Additionally - most people do some sort of Multi-tasking with their PC's. 

Whether it be Virus scan and surfing the web 

OR

Listening to Music / Online Radio while using another application 

OR

any other combination you could think of.  If one Core is dedicated to 1 application - you can freely work on the other core with your other application - and not worry about overworking a single core - that ultimately freezes up your PC.

Using the hose example - you have 2 jugs of water - funneling into 1 hose - at a Y connection - OR - having 2 jugs of water each with their own hoses


----------



## Shane

Bodaggit23 said:


> Generally yes.
> 
> Clock speeds may be faster, but two cores will be faster than one.
> 
> Imagine you have 10 gallons of water.
> 
> You need to get that water into small containers.
> 
> All you have is one hose and a funnel.
> 
> Now imagine you had two slightly smaller hoses and funnels.
> 
> Two cores will potentially move more data, even though at a slightly
> slower rate than a single core.



Great way of explaining :good:


----------



## BigSteve702

dont forget the weight of the water and the act of it being forced through the two smaller hoses, you'd get more of a jet stream out of the two separate smaller hoses... showing the dual-cores ability to push smaller data faster :

this hose deal is fun.
and overclocking would be like getting a vaccuum seal on the jugs and finding a piston to push the water through the same hoses faster 

this is just awesome, lets keep it going


----------



## Zangetsu

I won't be going along with you guys... I am too bad at it.

BUT! If your software doesn't support Dual core, well... bad luck ^_^.


----------



## Magicalpops

I understand now  is there a point, like when a single core ???GHz runs better than a dual core ???GHz? or would the more cores you have always make it better no matter what GHz it ran at?

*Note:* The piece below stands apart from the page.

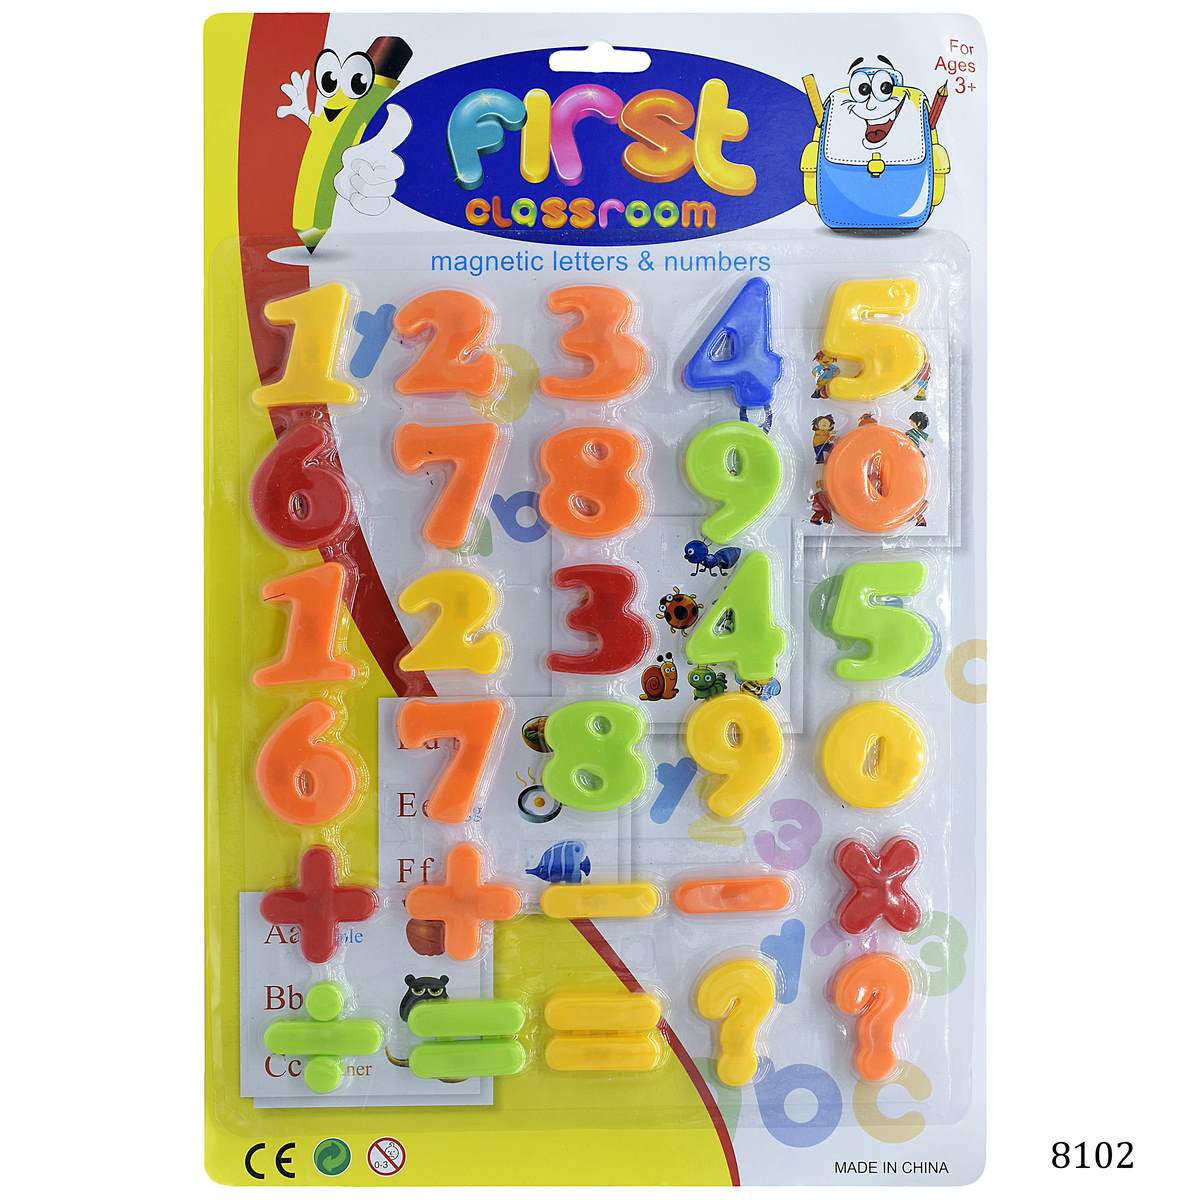 jags-mumbai Magnets Buttons & Coins Teaching Magnetic 30pcs Numbers & Symbols

ooo one more question. when you have any processor with more than one like a 3GHz quad core for example. are there 4 processors each running at 3GHz?


----------



## Twist86

Magicalpops said:


> I understand now  is there a point, like when a single core ???GHz runs better than a dual core ???GHz? or would the more cores you have always make it better no matter what GHz it ran at?
> 
> ooo one more question. when you have any processor with more than one like a 3GHz quad core for example. are there 4 processors each running at 3GHz?




Well a 3ghz single core will be slower then 2ghz dual-core....you can't compare the ghz between the two.

The dual-core is superior in technology which makes it faster even if you compare 1 core vs 1 core. Things like L2 and L3 cache also come into play here making it better then single-cores. 


Also yes my quad runs 4 cores @ 3.2ghz each....you don't add it and say "16.8ghz" you will get laughed at


----------



## 2048Megabytes

It is difficult to compare many processors by simply comparing clock speeds.  Processors with newer technology can perform more calculations per clock cycle than an older central processing units.

For example look at an Intel Core 2 Duo E7200 (2.53 gigahertz) Processor versus an Intel Pentium D Processor 960 (3.6 gigahertz) processor.  The E7200 is a faster processor than the Pentium D 960.


----------



## konsole

I would take a dual core 2 ghz over a single core 3 ghz, but not a quad core 2 ghz over a dual core 3 ghz.  I don't do much heavy mutlitasking so I'm more attracted to the faster clocked 2 cores.  That will probably change within a year or so though.


----------



## Magicalpops

ooo i thought it was mainly about the GHz. now i understand why ^-^ thanks mateys!


----------



## Gooberman

When I first saw this I thought someone brought back an old thread


----------



## lukie01

Yes. Because it's a dual core. It normally beats a single core. Even though it is 3ghz it will handle much better


----------



## 87dtna

On my old setup I tried to stick in a single core athlon 64 I have....the 1640 LE, which is 2.6ghz and 1mb of L2 cache.  I overclocked it to 3.0ghz, and played Call of Duty, got some bad lag while playing.  Then I stuck in a 4600+ dual core, which is 2.2ghz and 2x512kb of L2 cache, so same amount of cache and 800 less mhz, played the game flawless.


----------



## JohnJSal

Zangetsu said:


> I won't be going along with you guys... I am too bad at it.
> 
> BUT! If your software doesn't support Dual core, well... bad luck ^_^.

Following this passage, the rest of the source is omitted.